D2F is evaluated on LLaDA-Instruct-8B and Dream-Base-7B, distilled on the Bespoke-Stratos-17k dataset. Benchmarks include GSM8K, MATH, HumanEval, and MBPP. D2F achieves:

Up to 2.5× speedup over AR LLMs (LLaMA3-Instruct-8B, Qwen2.5-Base-7B) on GSM8K.
Over 50× acceleration compared to vanilla dLLMs (LLaDA, Dream) with comparable output quality.
Superior throughput-performance trade-off: D2F maintains output quality at high throughput, whereas vanilla dLLMs suffer substantial degradation when decoding steps are reduced.
Figure 3: D2F dLLMs surpass AR LLMs in inference speed for up to $2.5\times$ .

Figure 4: Throughput vs. performance trade-off: D2F achieves a more favorable balance compared to vanilla dLLMs.

Ablation Studies and Analysis

Ablation studies dissect the contributions of block size, pipeline hyperparameters, and noise scheduling:

Block Size: Increasing block size initially improves performance but eventually degrades throughput and output quality. Optimal block size selection is critical for balancing speed and accuracy.
Figure 5: Ablation paper on block size during inference: performance peaks at moderate block sizes, with throughput decreasing as block size increases.
Pipeline Hyperparameters: Dual-state decoding (semi-activated then fully activated blocks) outperforms single-state pipelines, yielding higher scores and throughput.
Noise Scheduling: Structured progressive masking (D2F) outperforms random masking schedules, substantiating the efficacy of the D2F training objective.

Implications and Future Directions

D2F demonstrates that dLLMs can achieve faster-than-AR inference without sacrificing output quality, challenging the prevailing assumption that AR models are inherently superior in efficiency. The AR-diffusion hybrid paradigm introduced by D2F is extensible to other discrete generative tasks, including code synthesis and mathematical reasoning. The pipelined parallel decoding strategy and asymmetric distillation framework are broadly applicable to other sequence modeling domains.

Theoretical implications include the principled extension of diffusion forcing from continuous to discrete data, bridging the gap between AR and diffusion-based generative models.

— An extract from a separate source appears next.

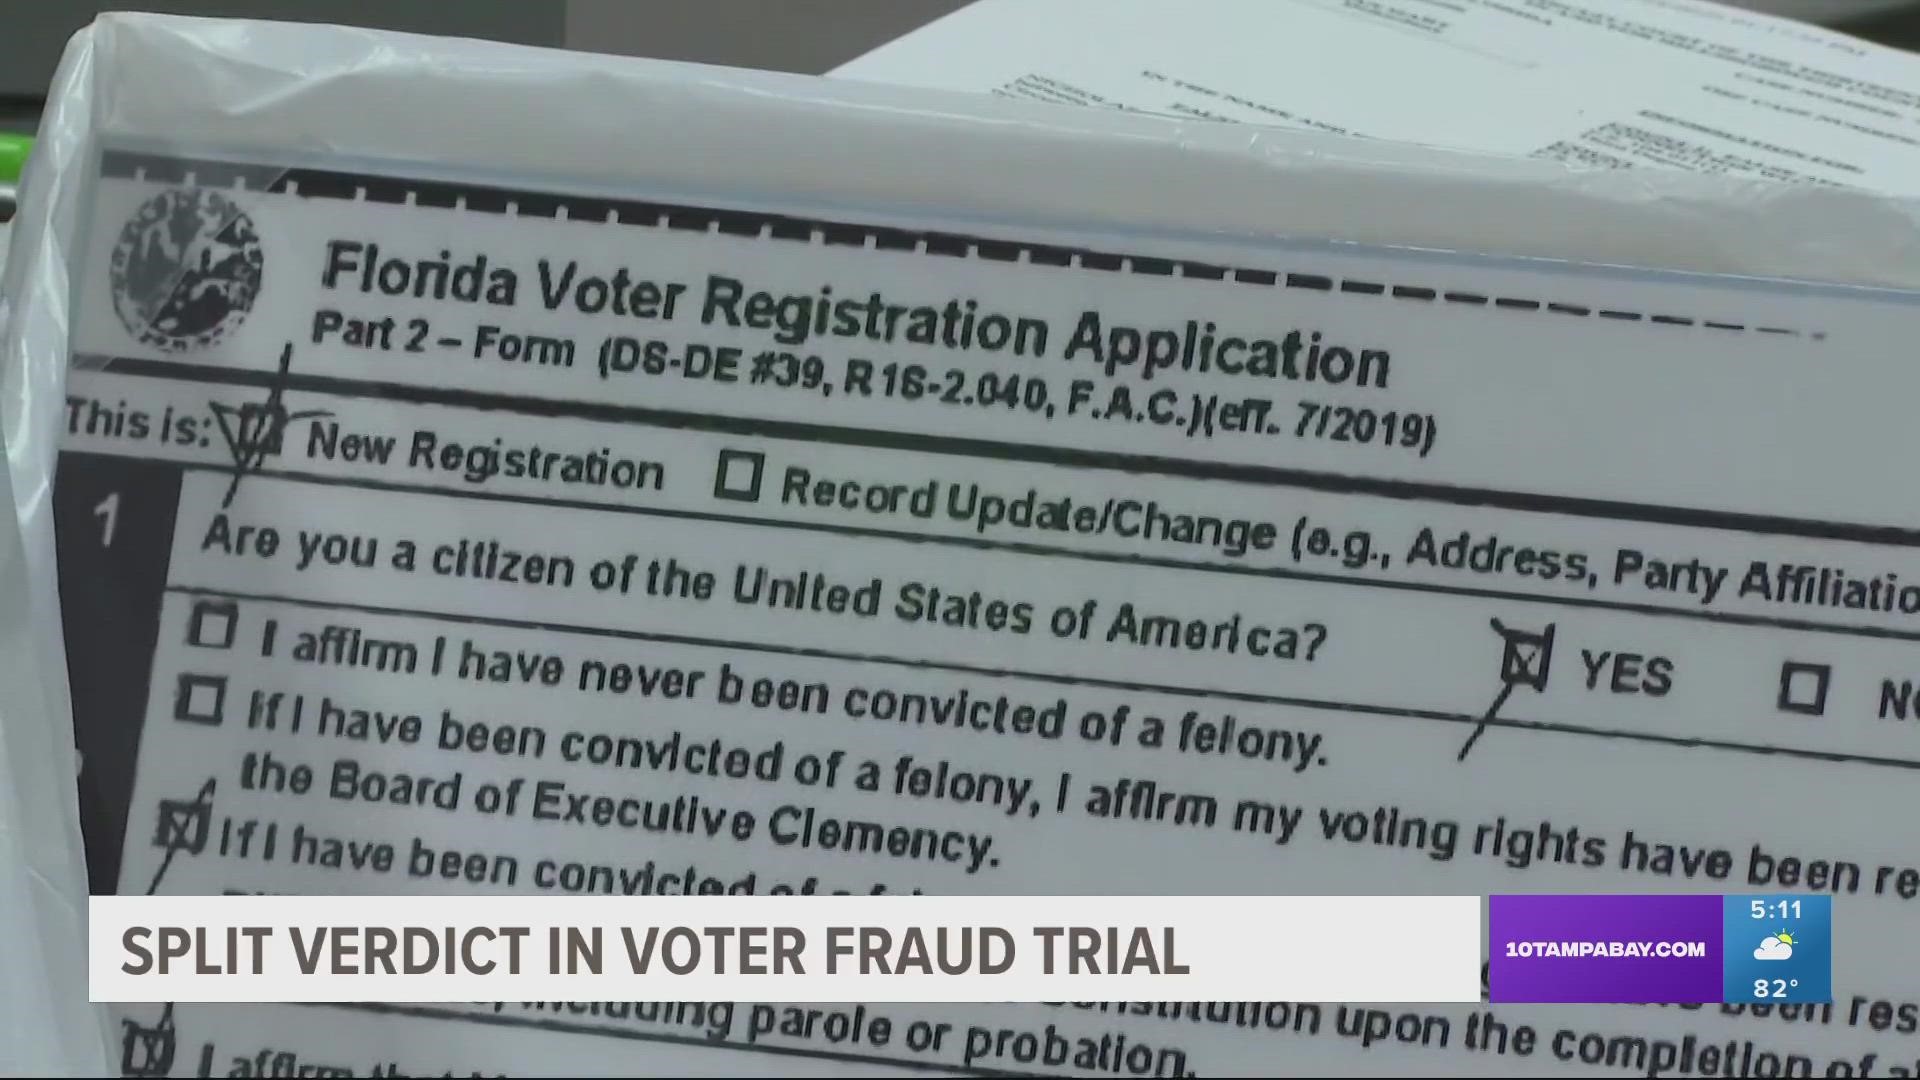 Nathan Hart of Gibsonton faced one count of false swearing for stating he was an eligible voter on his voter registration application.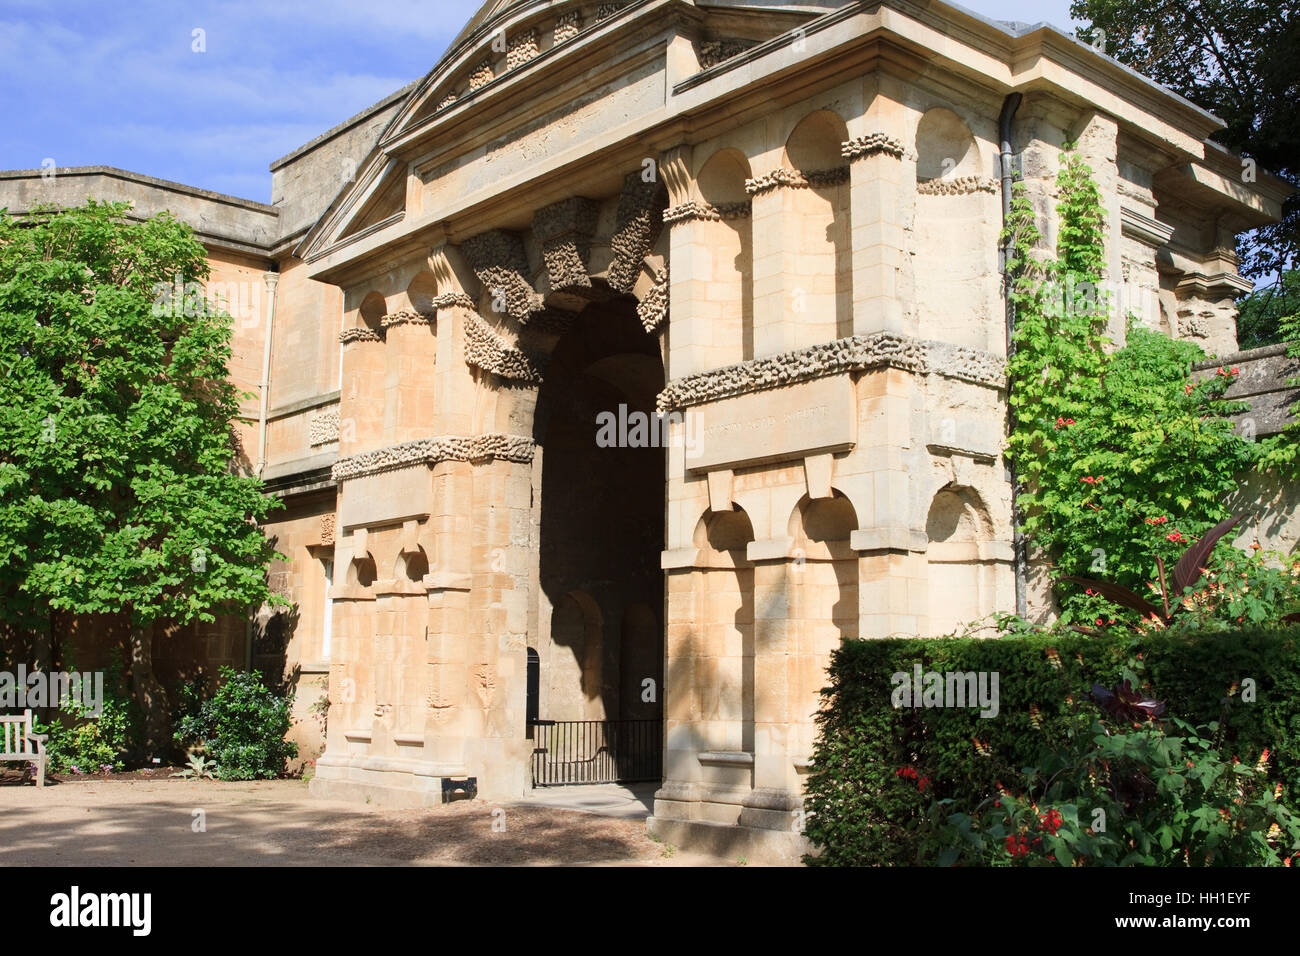 The Danby Gateway (or Arch) in the University of Oxford Botanic Garden, Oxford, England. Stock Photo

Practically, D2F enables deployment of dLLMs in latency-sensitive applications, such as real-time dialogue systems and large-scale batch generation.

Future research may explore:

Scaling D2F to larger models and longer contexts
Integration with advanced sampling and confidence-based remasking strategies
Application to multimodal and multilingual generative tasks
Further optimization of block partitioning and pipeline scheduling

Conclusion

Discrete Diffusion Forcing (D2F) establishes a new regime for dLLMs, enabling faster-than-AR inference through block-wise causal attention and inter-block parallel decoding. Empirical results validate substantial speedups and competitive output quality, positioning D2F as a foundational technique for efficient discrete sequence generation. The AR-diffusion hybrid paradigm and pipelined parallel decoding introduced by D2F have significant implications for the future of generative modeling in both research and production environments.